|I learned a new word this year, communited: a fracture in which bone is broken, splintered or crushed into a number of pieces. Observe my lovely clavicle.|
This is just one of the many reasons I haven’t blogged for a million years. Moving a few times has something to do with it too.
But this blog is my own personal record of the kids’ medications, doses, timelines, etc., and since we’ve changed Luke’s meds, I’ve got to get it on the record.
The impetus for me feeling like we should consider changing meds was his weight. He started wrestling this year, and I was surprised when he weighed in at more than most kids his age. In the last half year or so, he has gone from a pretty skinny kid to the 92 percentile on the weight scale for his age. Such a quick gain didn’t seem healthy. I don’t think there’s a significant difference in how much he has stared at screens. He’s always had as much video, computer, and television as I would possibly allow him, but I’m pretty strict. I could only think of two things that could be the cause: school lunch or Intuniv.
|Kinda skinny, right?|
I’m really not a fan of school lunch. I used to buy it for the kids only once or twice a week. But things have been so hectic, I’ve succumbed to the easiness of an online payment. And I’m still doing it, despite my concerns! Gotta get life under control here and make lunches…
I knew that weight gain was a side effect of Intuniv, (not listed on the official Intuniv web site but on other sites), so I decided to talk to our pediatrician about it. I have also felt like Luke has become more and more lethargic and wondered if that was a side effect from Intuniv. It is an antihypertensive (lowers blood pressure) after all.
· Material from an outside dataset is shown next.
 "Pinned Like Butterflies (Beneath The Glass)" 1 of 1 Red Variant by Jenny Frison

So our pediatrician suggested we try a stimulant again. I busted out my records and told him that even with the smallest doses of Vyvanse, Focalin, or Daytrana, Luke was completely buzzed and wouldn’t fall asleep. So we talked back and forth trying to decide on a new treatment that might work better. We decided on trying a teeny, tiny dose of Vyvanse in the morning and keeping the Intuniv but at a smaller dose and giving it to him at night before he goes to sleep. Intuniv is supposed to last for 24 hours, so the time you give the dose shouldn’t really matter, but my pediatrician explained that there is an arc to the release of the drug, building up in the system and tapering off. So he told me to just give it a try. You know, experiences with infertility, cancer, and ADHD have taught me that that’s what medicine comes down to anyway—give it a try. I’ve probably mentioned that before.
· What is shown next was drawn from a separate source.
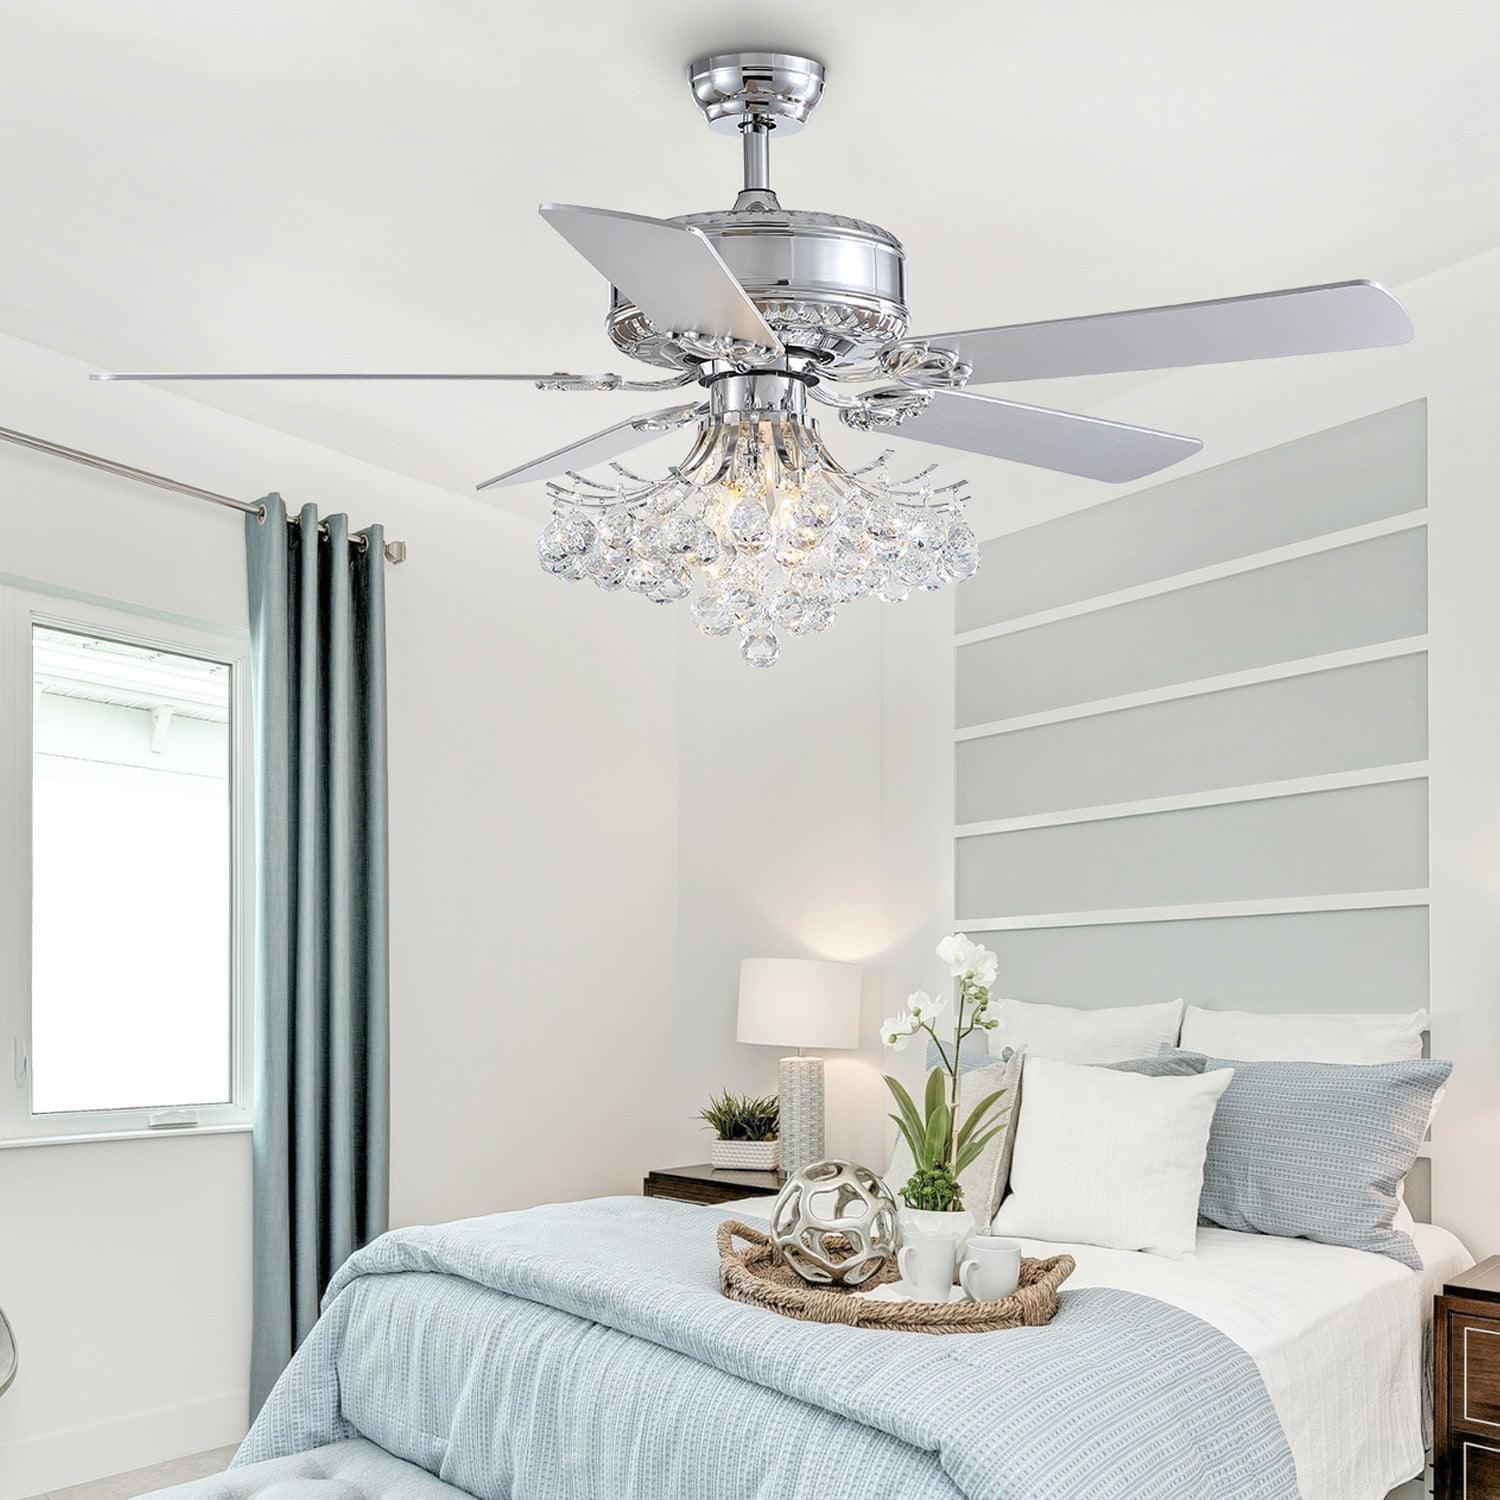 5 - Blade Raindrop Crystal Ball Ceiling Fan with Remote Control

So Luke is now on 5, yes, 5 mg of Vyvanse a day. The smallest pill available is 20 mg, so I have to open a capsule and divide it into 4 parts. It ends up as barely a breath of white powder in the bottom of a cup. It seems almost ridiculous, but I have read that some people can metabolize medicine so quickly that they can only take small doses. Maybe that’s true for Luke.
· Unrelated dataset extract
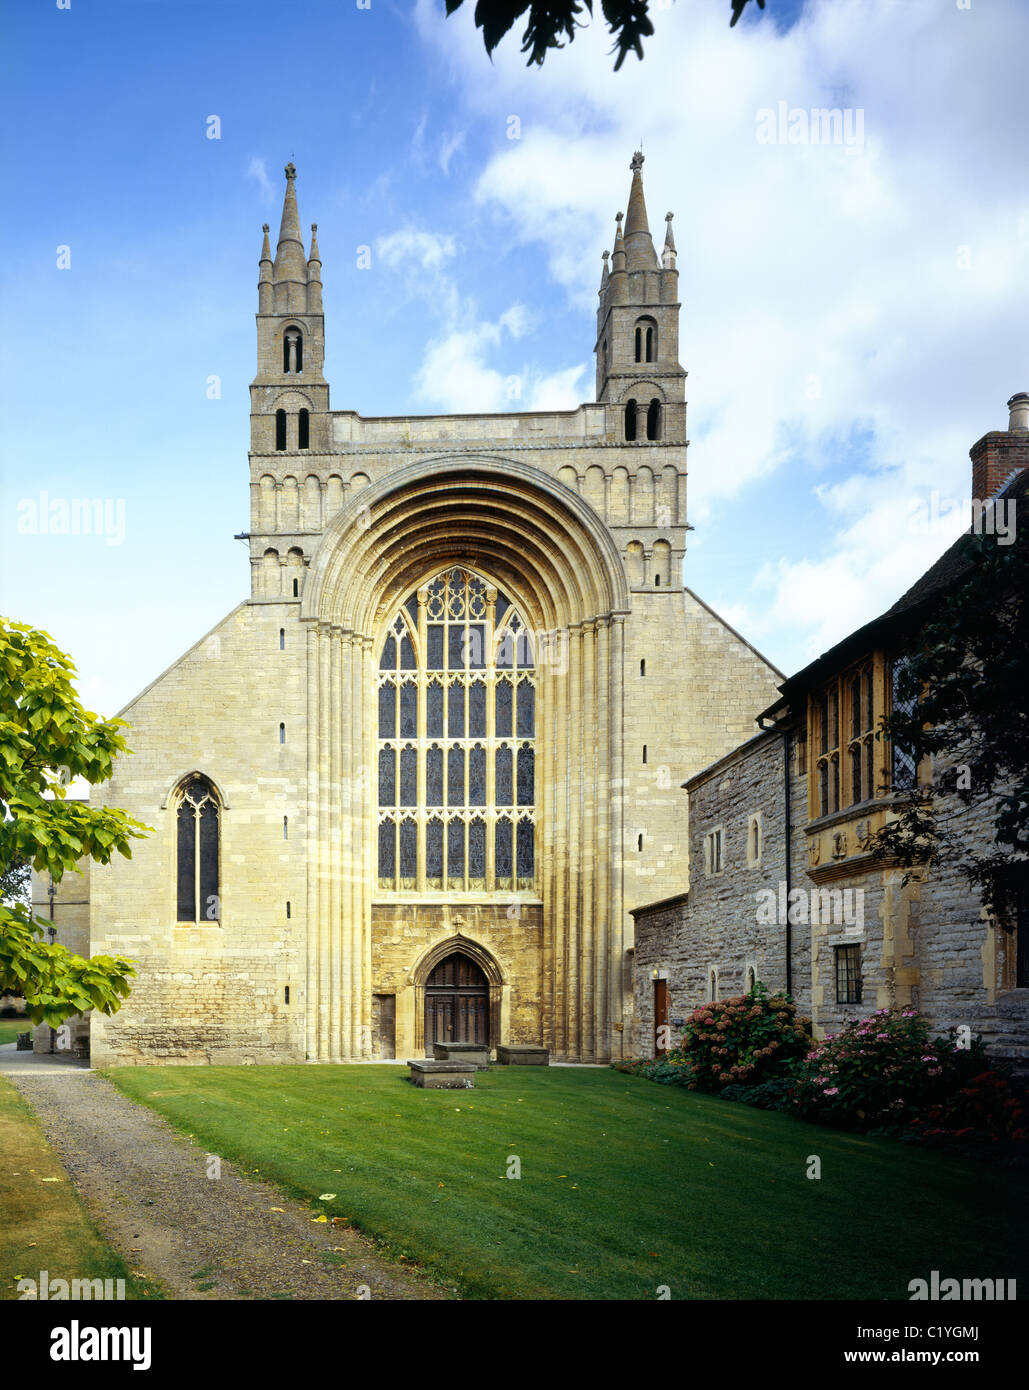 The Norman west front of Tewkesbury Abbey, Gloucestershire, England. Stock Photo

We tapered the Intuniv down from 3 mg to 1.5 mg (half a pill) and have been giving it to Luke before he goes to sleep. We also give him a dose of melatonin. He does have a hard time falling asleep if he doesn’t have the Intuniv, so I don’t know that we can completely eliminate it.
I haven’t noticed a ton of difference in his behavior, though his school teacher thinks he is doing better. He has still had some meltdowns at school but fewer. That’s where we are for now.